### Exercise
Write out each line of the material exactly as given, and drop the images.

### Supplied information
* * *
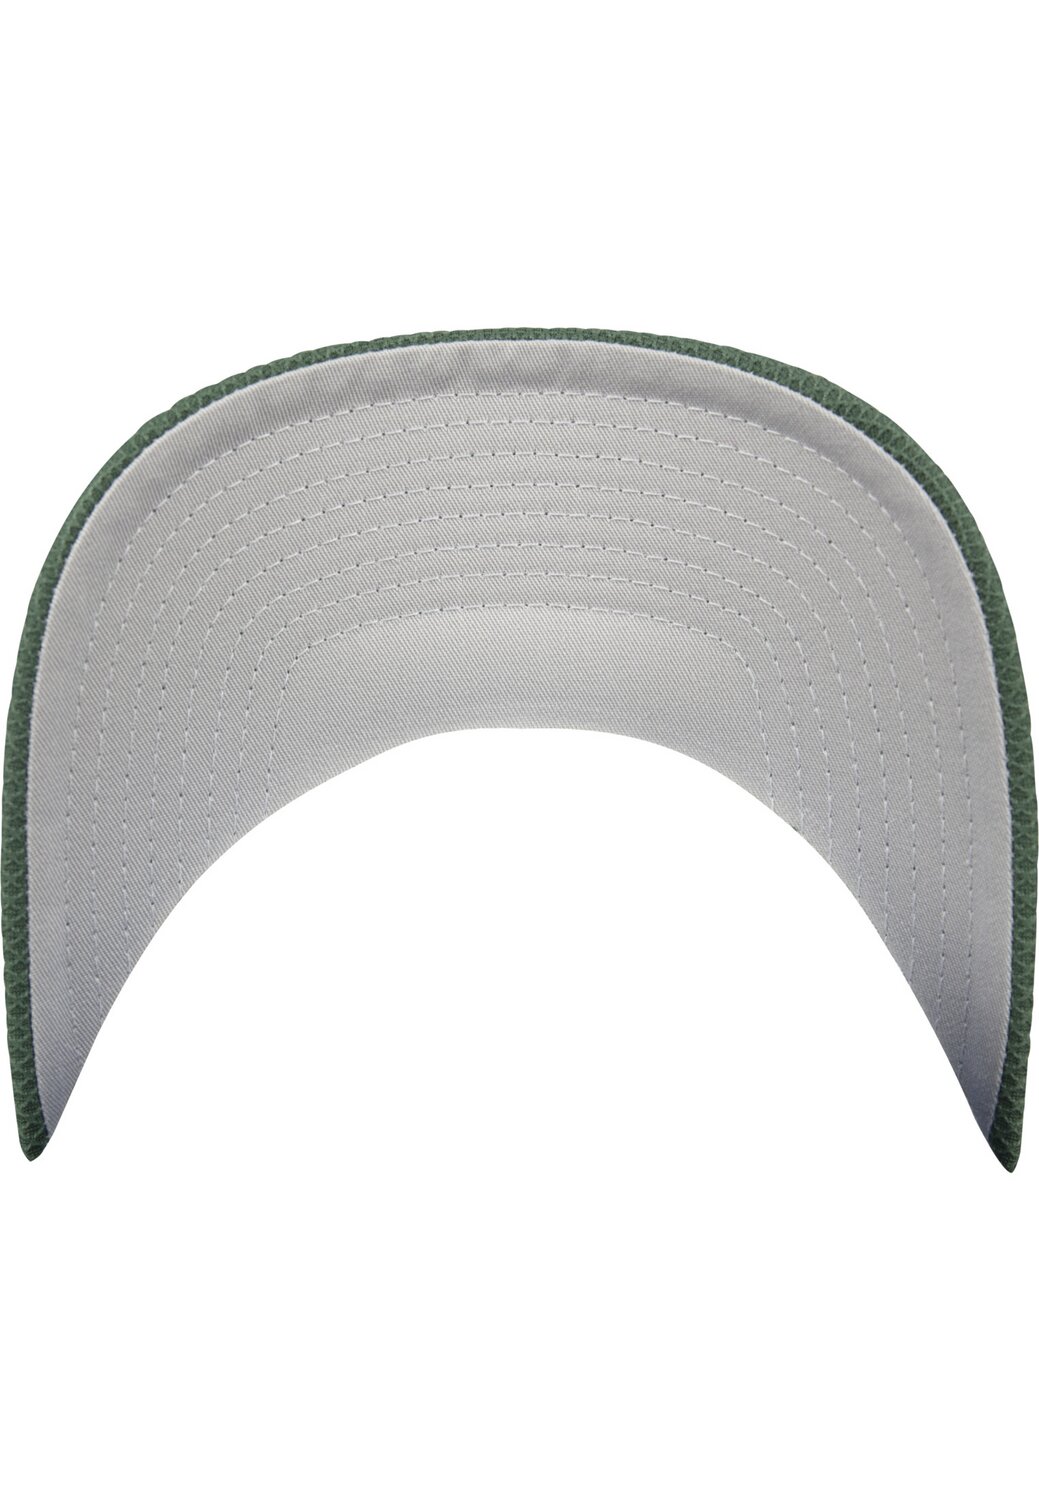 Baseball Cap 110 Flexfit Hybrid green | MAXISCOOT
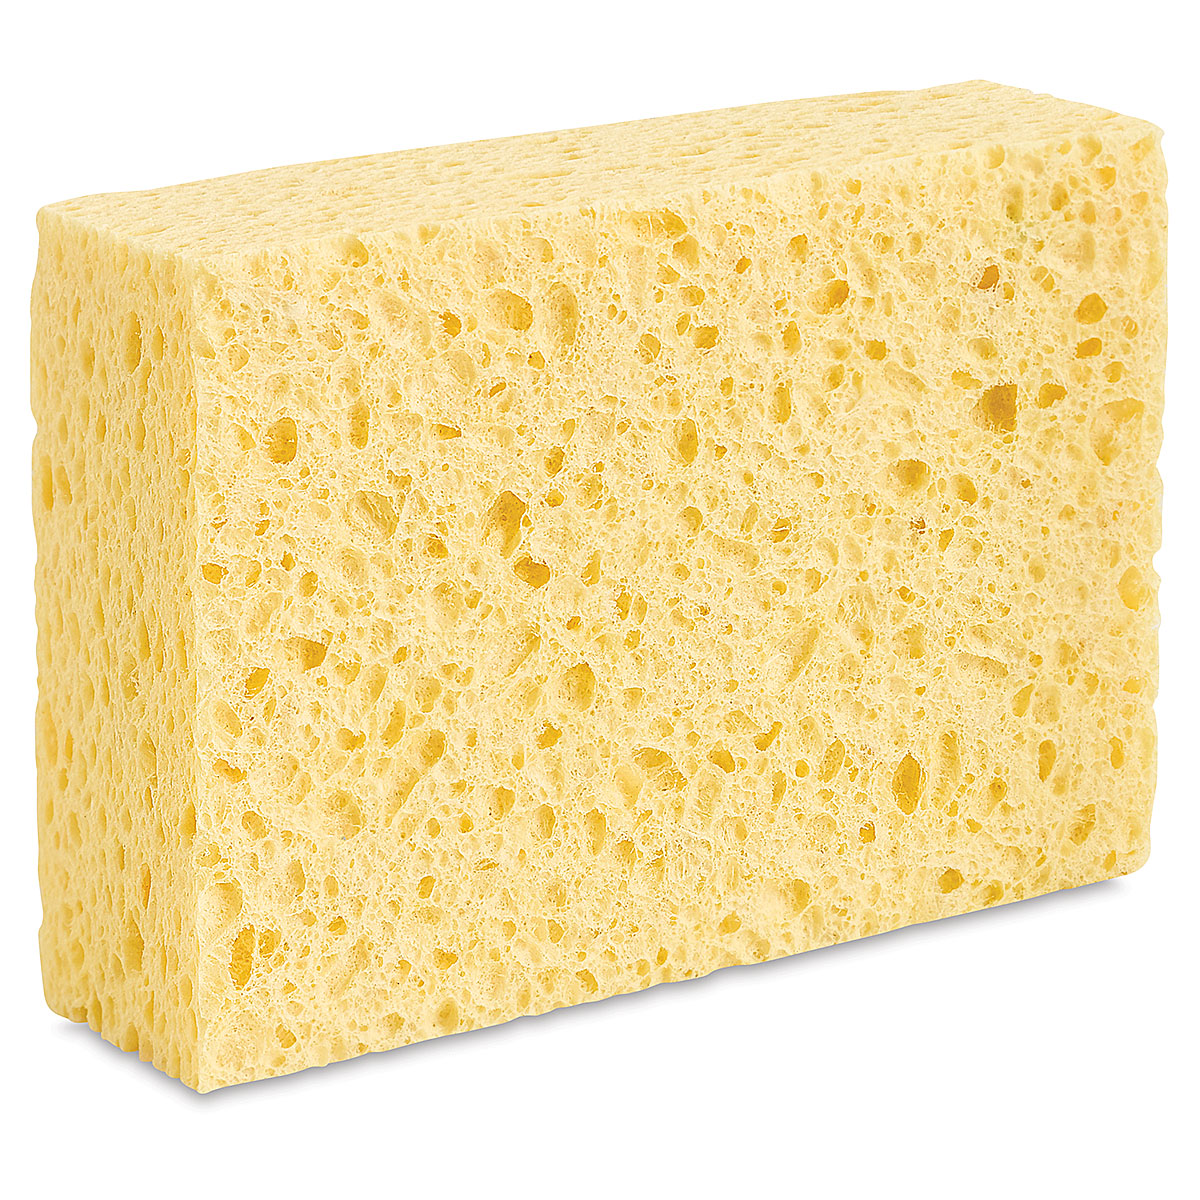 3M C31 Commercial Cellulose Sponge Yellow 4-1/4 X 6 for sale online 
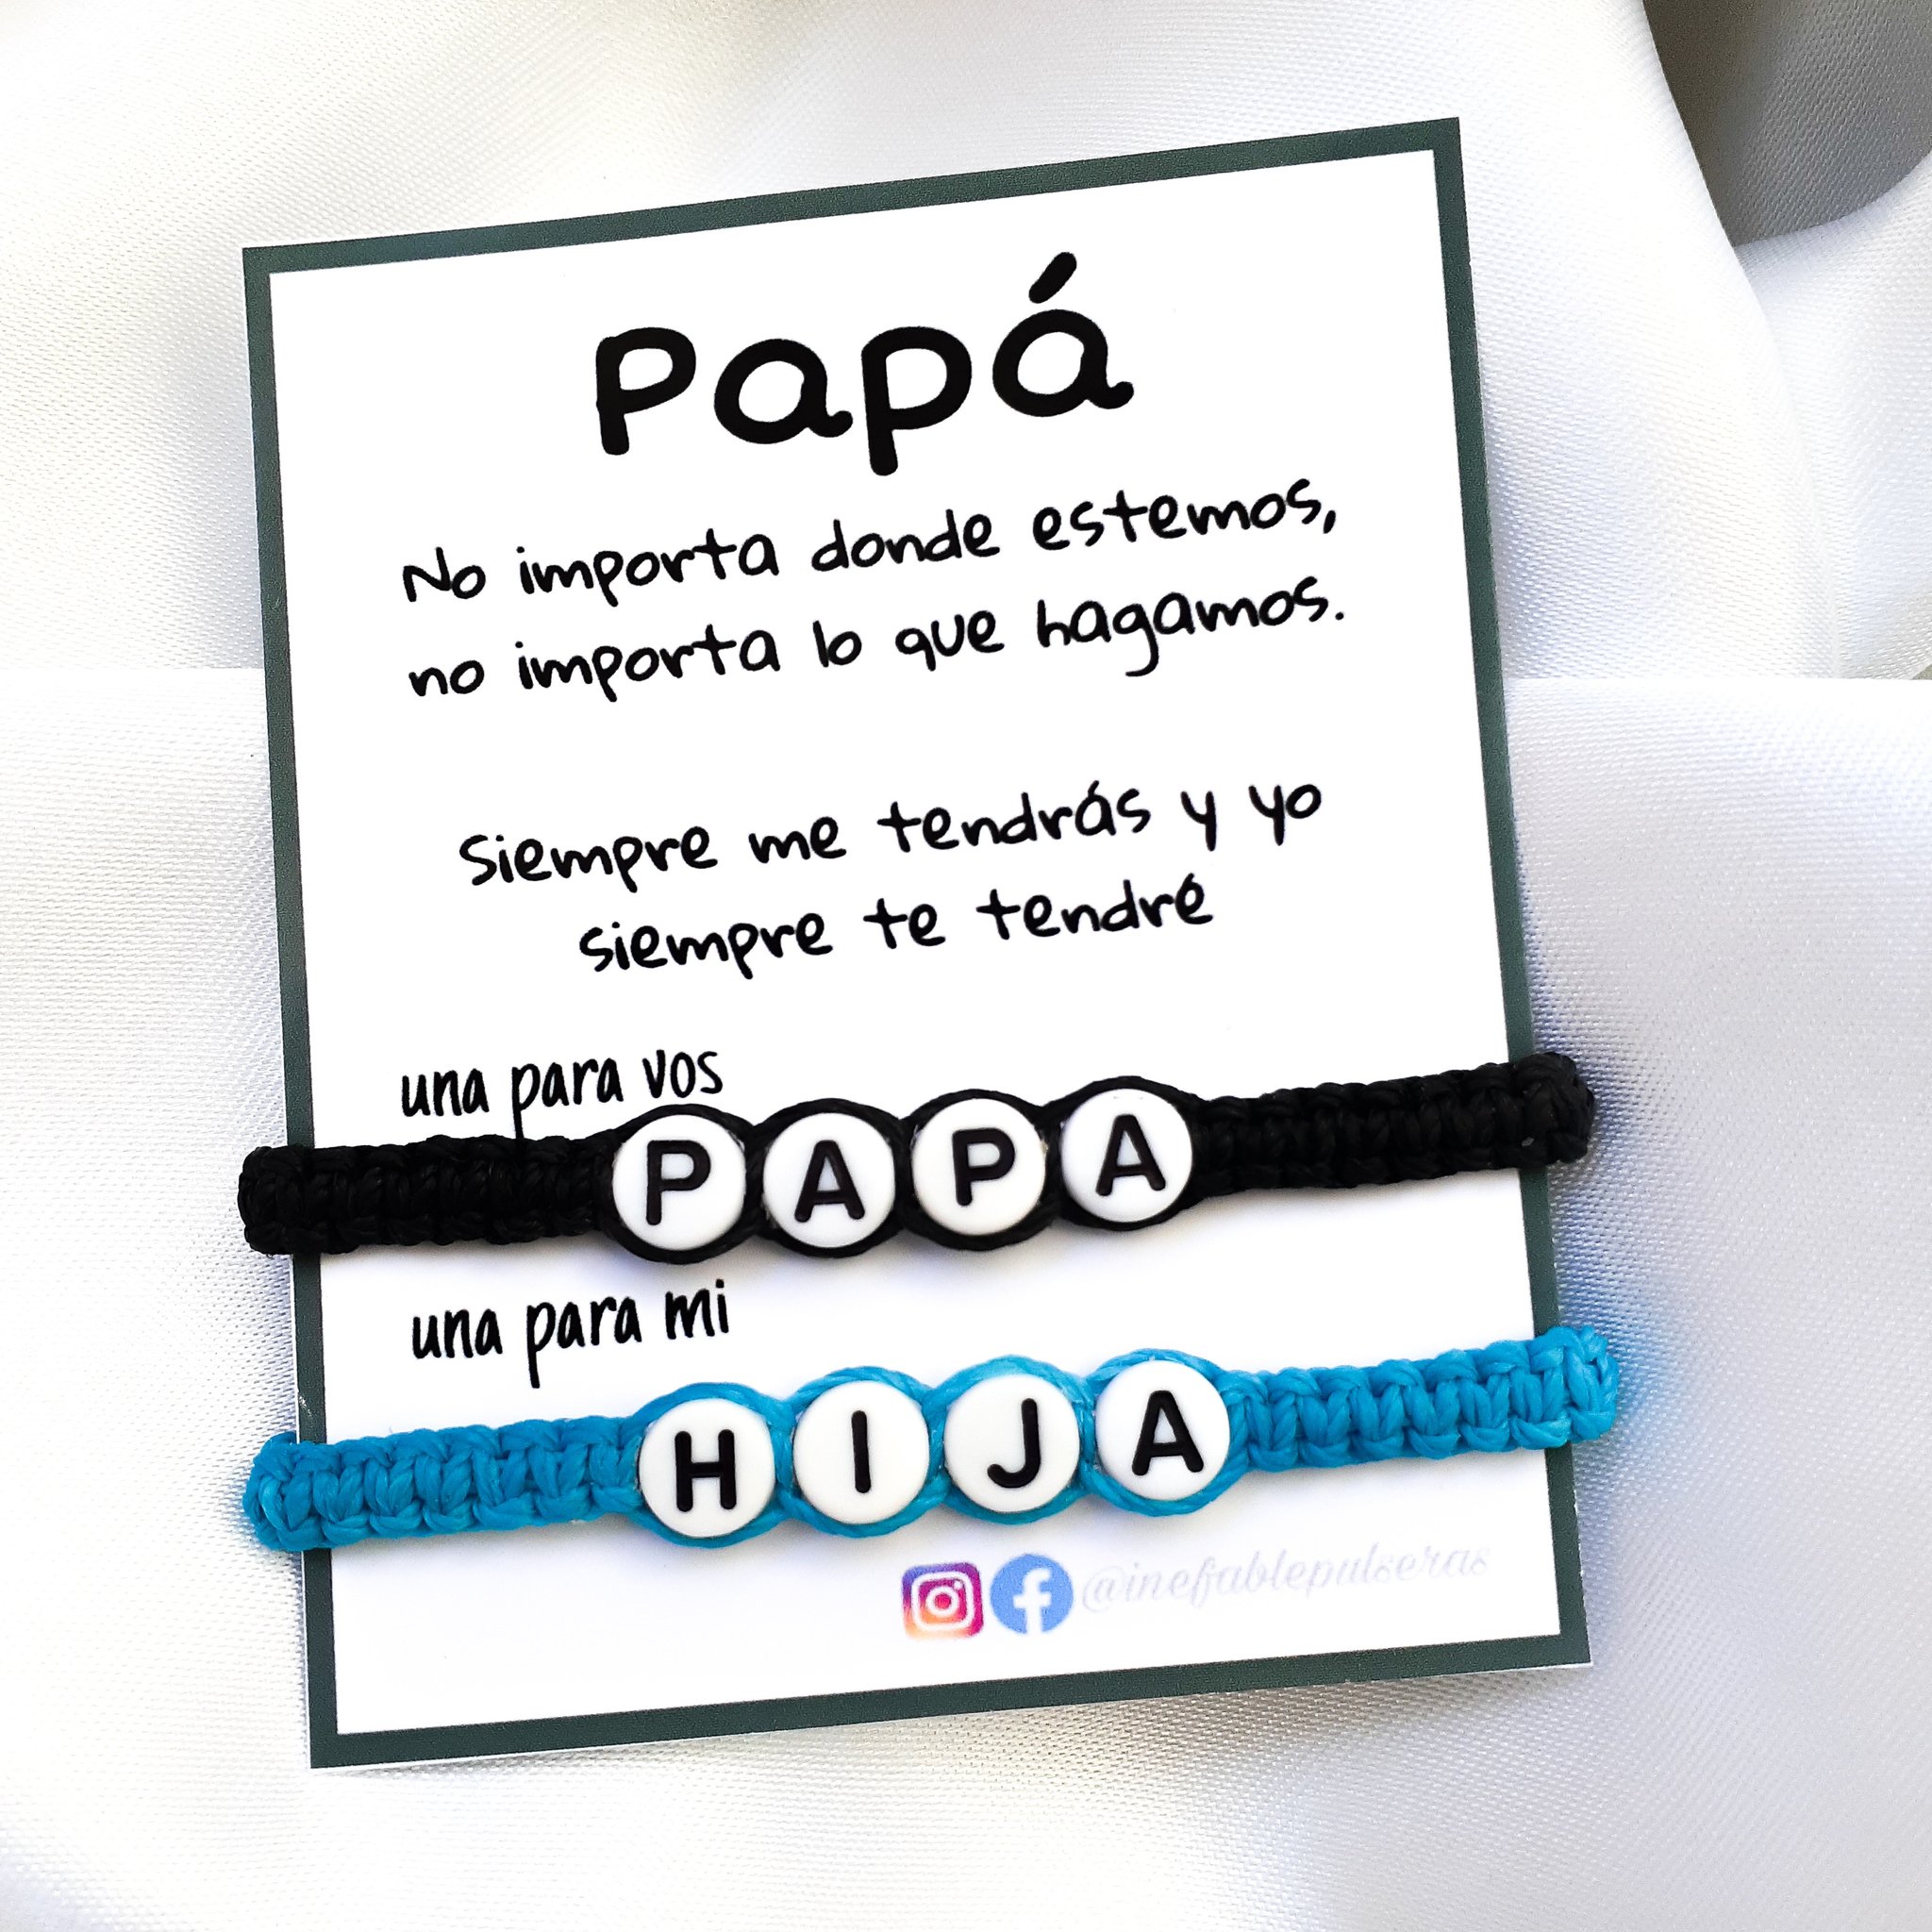 INEFABLE PULSERAS on Twitter: "PAPÁ E HIJA👨‍👧‍👦¡Encargala en nuestro Instagram para regalarle a papá en su día ! Blanca https://t.co/n7OyOJyLIB https://t.co/FxcSyKyaNX" / Twitter
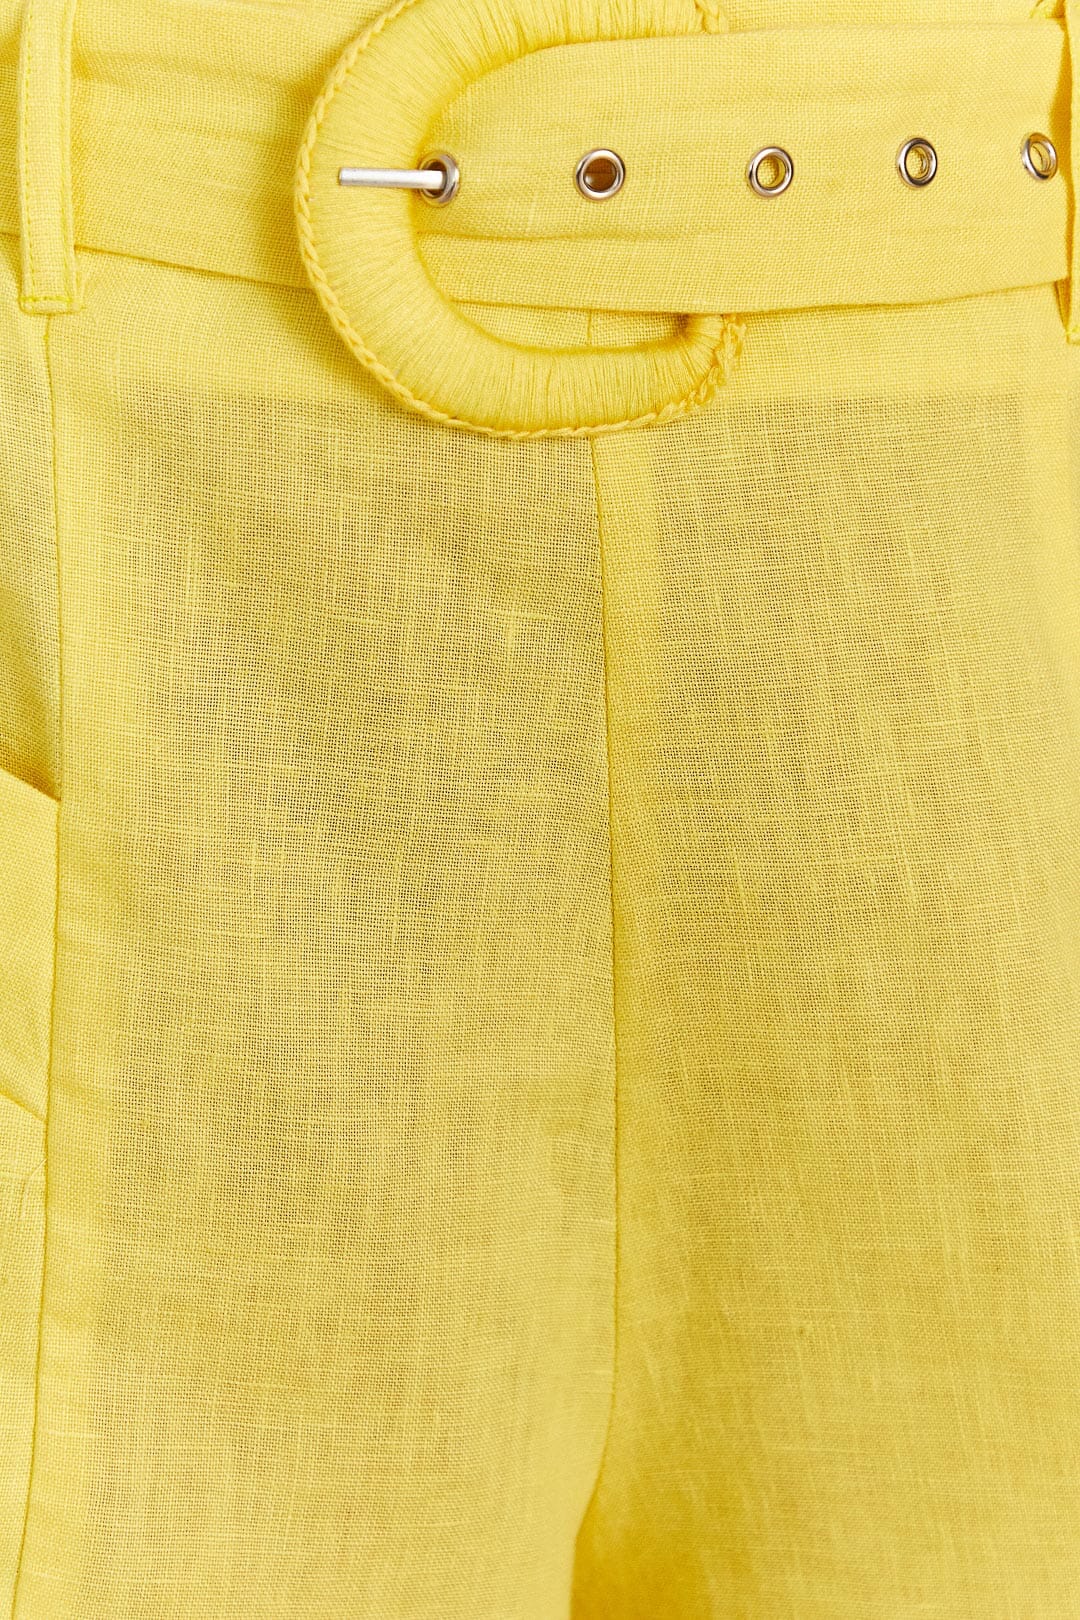 Bright Yellow Shorts
* * *
### Exercise response
 Baseball Cap 110 Flexfit Hybrid green | MAXISCOOT
 3M C31 Commercial Cellulose Sponge Yellow 4-1/4 X 6 for sale online 
 INEFABLE PULSERAS on Twitter: "PAPÁ E HIJA👨‍👧‍👦¡Encargala en nuestro Instagram para regalarle a papá en su día ! Blanca https://t.co/n7OyOJyLIB https://t.co/FxcSyKyaNX" / Twitter
 Bright Yellow Shorts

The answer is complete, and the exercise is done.